Classification and transformers
lfoppiano opened this issue · comments
I open this in a separate issue (from #131 (comment)), it seems that there is something wrong when using the classification applications with transformers.
If I run something like:
python -m delft.applications.citationClassifier train_eval --fold-count=2 --transformer allenai/scibert_scivocab_cased/dir
loading citation sentiment corpus...
------------------------ fold 0--------------------------------------
Model: "model"
__________________________________________________________________________________________________
Layer (type) Output Shape Param # Connected to
==================================================================================================
input_1 (InputLayer) [(None, 150, 300)] 0 []
bidirectional (Bidirectional) (None, 150, 128) 140544 ['input_1[0][0]']
dropout (Dropout) (None, 150, 128) 0 ['bidirectional[0][0]']
bidirectional_1 (Bidirectional (None, 150, 128) 74496 ['dropout[0][0]']
)
global_max_pooling1d (GlobalMa (None, 128) 0 ['bidirectional_1[0][0]']
xPooling1D)
global_average_pooling1d (Glob (None, 128) 0 ['bidirectional_1[0][0]']
alAveragePooling1D)
concatenate (Concatenate) (None, 256) 0 ['global_max_pooling1d[0][0]',
'global_average_pooling1d[0][0]'
]
dense (Dense) (None, 32) 8224 ['concatenate[0][0]']
dense_1 (Dense) (None, 3) 99 ['dense[0][0]']

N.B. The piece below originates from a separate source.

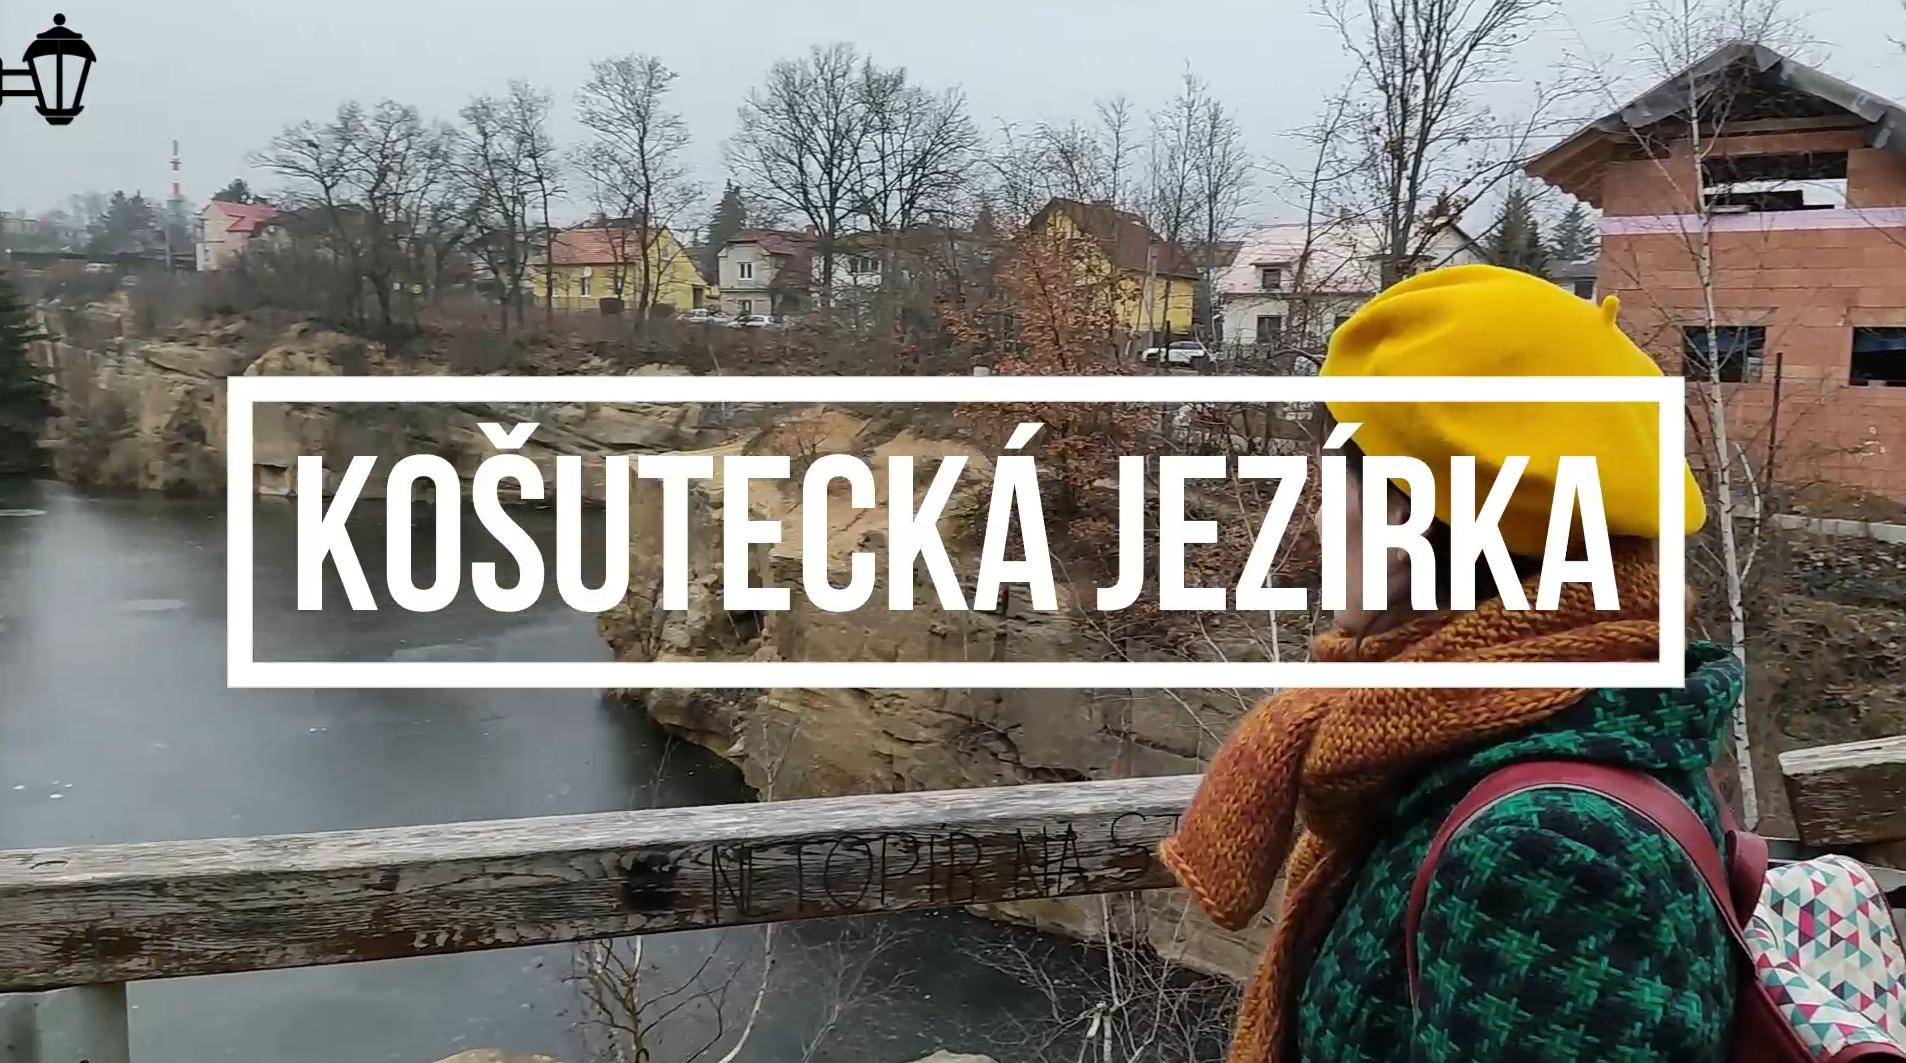 Plzeň známá neznámá: Košutecká jezírka

==================================================================================================
Total params: 223,363
Trainable params: 223,363
Non-trainable params: 0
__________________________________________________________________________________________________
Traceback (most recent call last):
File "/Users/lfoppiano/opt/anaconda3/envs/delft2/lib/python3.8/runpy.py", line 194, in _run_module_as_main
return _run_code(code, main_globals, None,
File "/Users/lfoppiano/opt/anaconda3/envs/delft2/lib/python3.8/runpy.py", line 87, in _run_code
exec(code, run_globals)
File "/Users/lfoppiano/development/projects/delft/delft/applications/citationClassifier.py", line 159, in <module>
y_test = train_and_eval(embeddings_name, args.fold_count, architecture=architecture, transformer=transformer)

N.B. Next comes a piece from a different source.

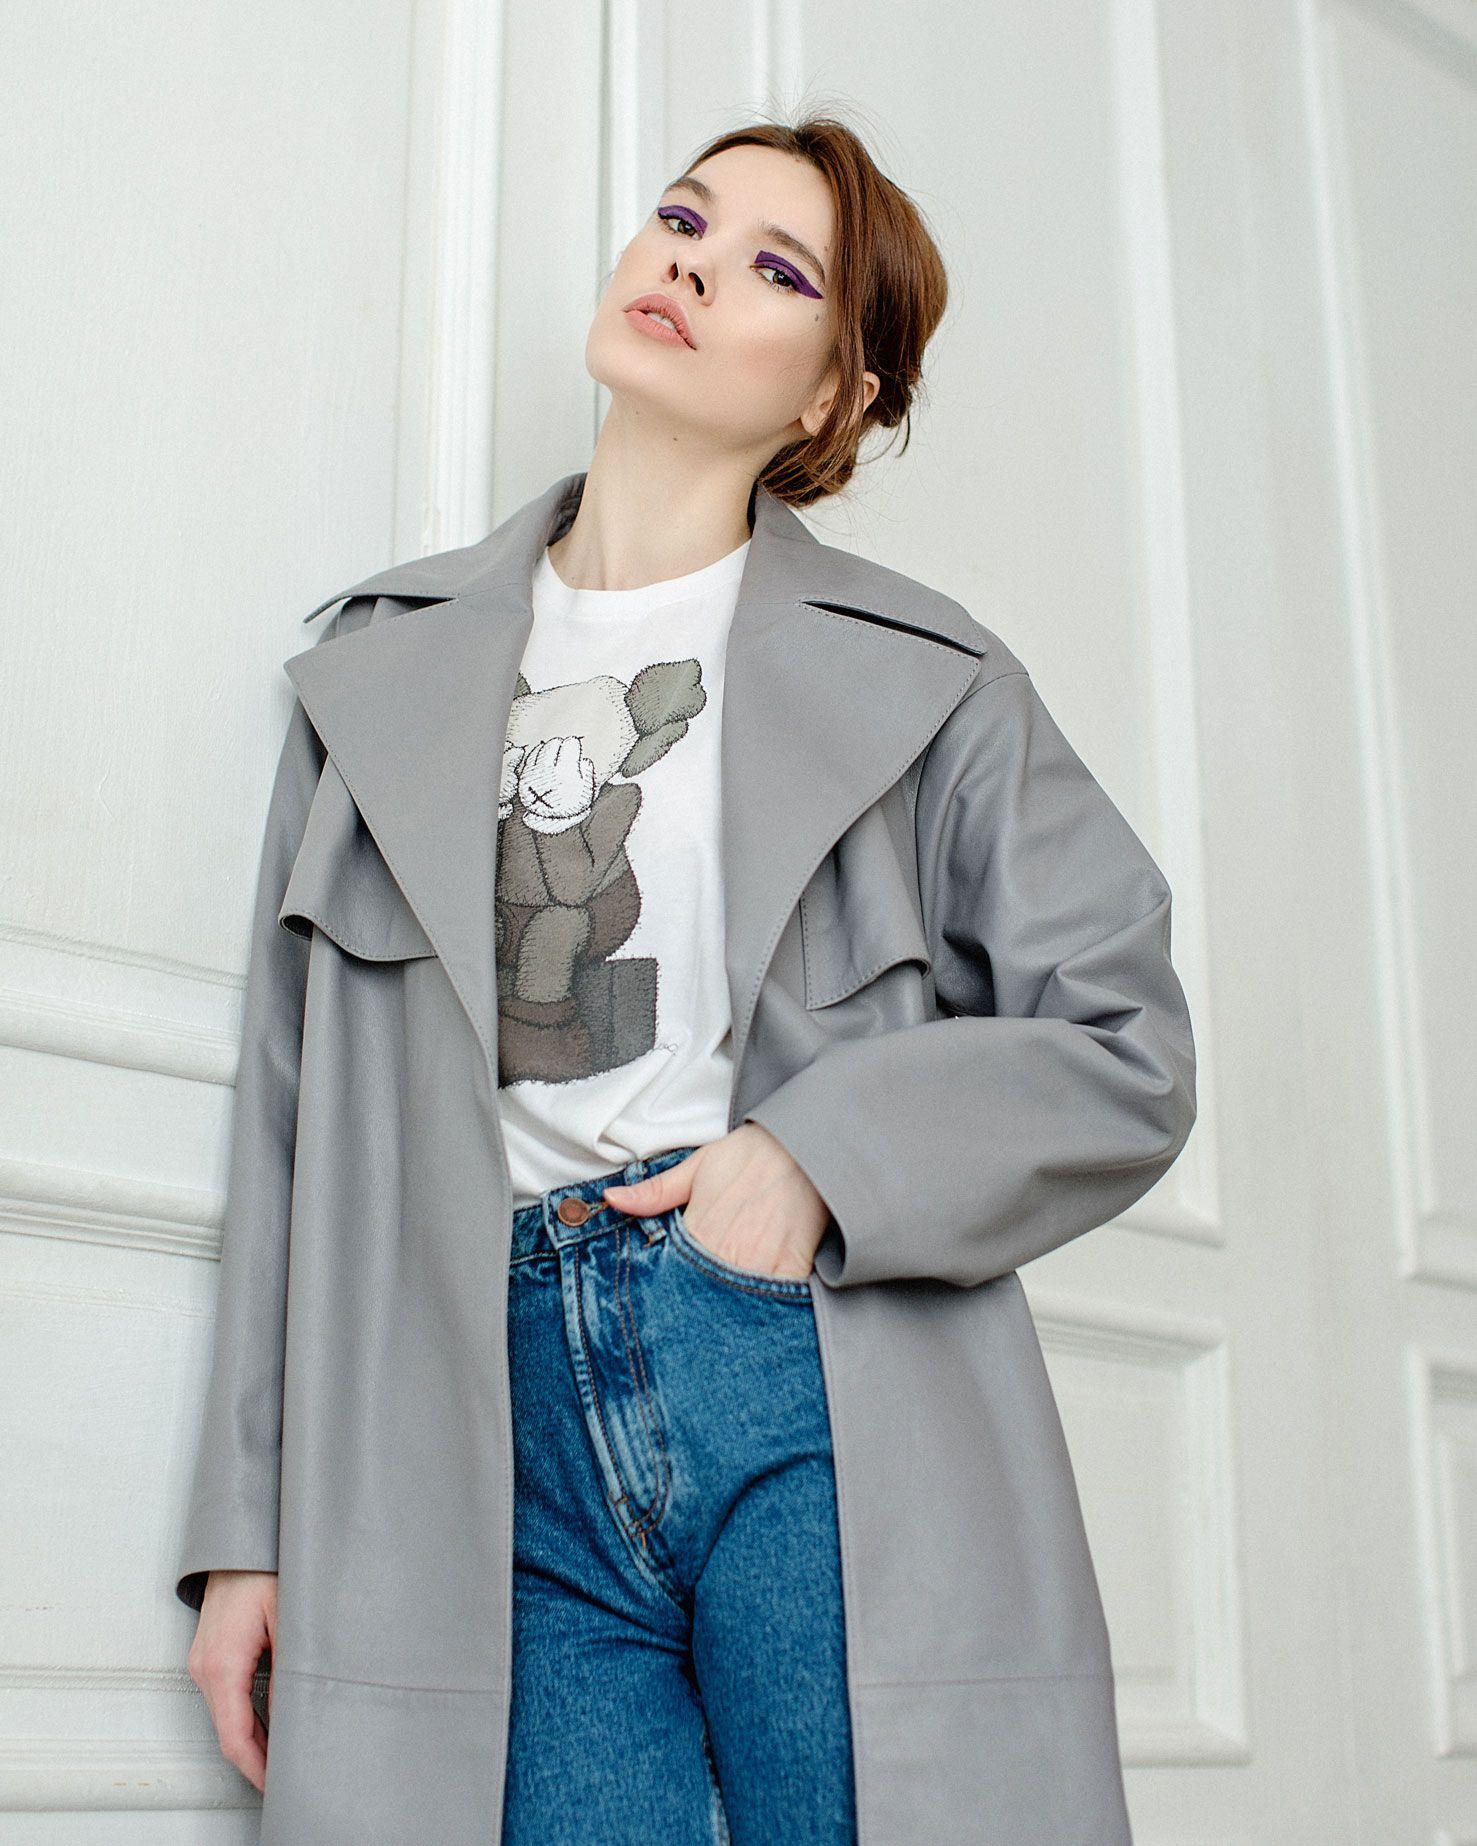 портрет, Анастасия Денисенко

File "/Users/lfoppiano/development/projects/delft/delft/applications/citationClassifier.py", line 75, in train_and_eval
model.train_nfold(x_train, y_train)
File "/Users/lfoppiano/development/projects/delft/delft/textClassification/wrapper.py", line 176, in train_nfold
self.models = train_folds(x_train, y_train, self.model_config, self.training_config, self.embeddings,
File "/Users/lfoppiano/development/projects/delft/delft/textClassification/models.py", line 302, in train_folds
foldModel.train_model(model_config.list_classes, training_config.batch_size, max_epoch, use_roc_auc,
File "/Users/lfoppiano/development/projects/delft/delft/textClassification/models.py", line 153, in train_model
y_pred = self.model.predict(
File "/Users/lfoppiano/opt/anaconda3/envs/delft2/lib/python3.8/site-packages/keras/utils/traceback_utils.py", line 67, in error_handler
raise e.with_traceback(filtered_tb) from None
File "/Users/lfoppiano/development/projects/delft/delft/textClassification/data_generator.py", line 46, in __getitem__
batch_x, batch_y = self.__data_generation(index)
File "/Users/lfoppiano/development/projects/delft/delft/textClassification/data_generator.py", line 80, in __data_generation
input_ids, input_masks, input_segments = create_batch_input_bert(self.x[(index*self.batch_size):(index*self.batch_size)+max_iter],
File "/Users/lfoppiano/development/projects/delft/delft/textClassification/preprocess.py", line 63, in create_batch_input_bert
encoded_tokens = transformer_tokenizer.batch_encode_plus(texts, add_special_tokens=True, truncation=True,
AttributeError: 'NoneType' object has no attribute 'batch_encode_plus'
it seems that the tokenizer is not initialised correctly. What am I missing?
In the current applications/citationClassifier.py
, you need to indicate the architecture when using a transformer layer:
python3 delft/applications/citationClassifier.py train_eval --architecture bert --transformer allenai/scibert_scivocab_cased
$ python3 delft/applications/citationClassifier.py train_eval --architecture bert --transformer allenai/scibert_scivocab_cased
loading citation sentiment corpus...
allenai/scibert_scivocab_cased will be used, loaded via huggingface
Model: "model"
_________________________________________________________________
Layer (type) Output Shape Param #
=================================================================
input_token (InputLayer) [(None, None)] 0
tf_bert_model (TFBertModel) TFBaseModelOutputWithPoo 109938432
lingAndCrossAttentions(l
ast_hidden_state=(None,
None, 768),
pooler_output=(None, 76
8),
past_key_values=None, h
idden_states=None, atten
tions=None, cross_attent
ions=None)
dropout_37 (Dropout) (None, 768) 0
dense (Dense) (None, 3) 2307
=================================================================
Total params: 109,940,739
Trainable params: 109,940,739
Non-trainable params: 0
_________________________________________________________________
Epoch 1/3
11/245 [>.............................] - ETA: 2:08 - loss: 1.6049 - accuracy: 0.2926
OK, shouldn't we just then make the architecture a required parameter?
Update: Actually we should have architecture == bert if we want to use the transformers, right?
There was an if that ended up inverted so bert_data was True when it should have been False. Long story short, we can close this 😄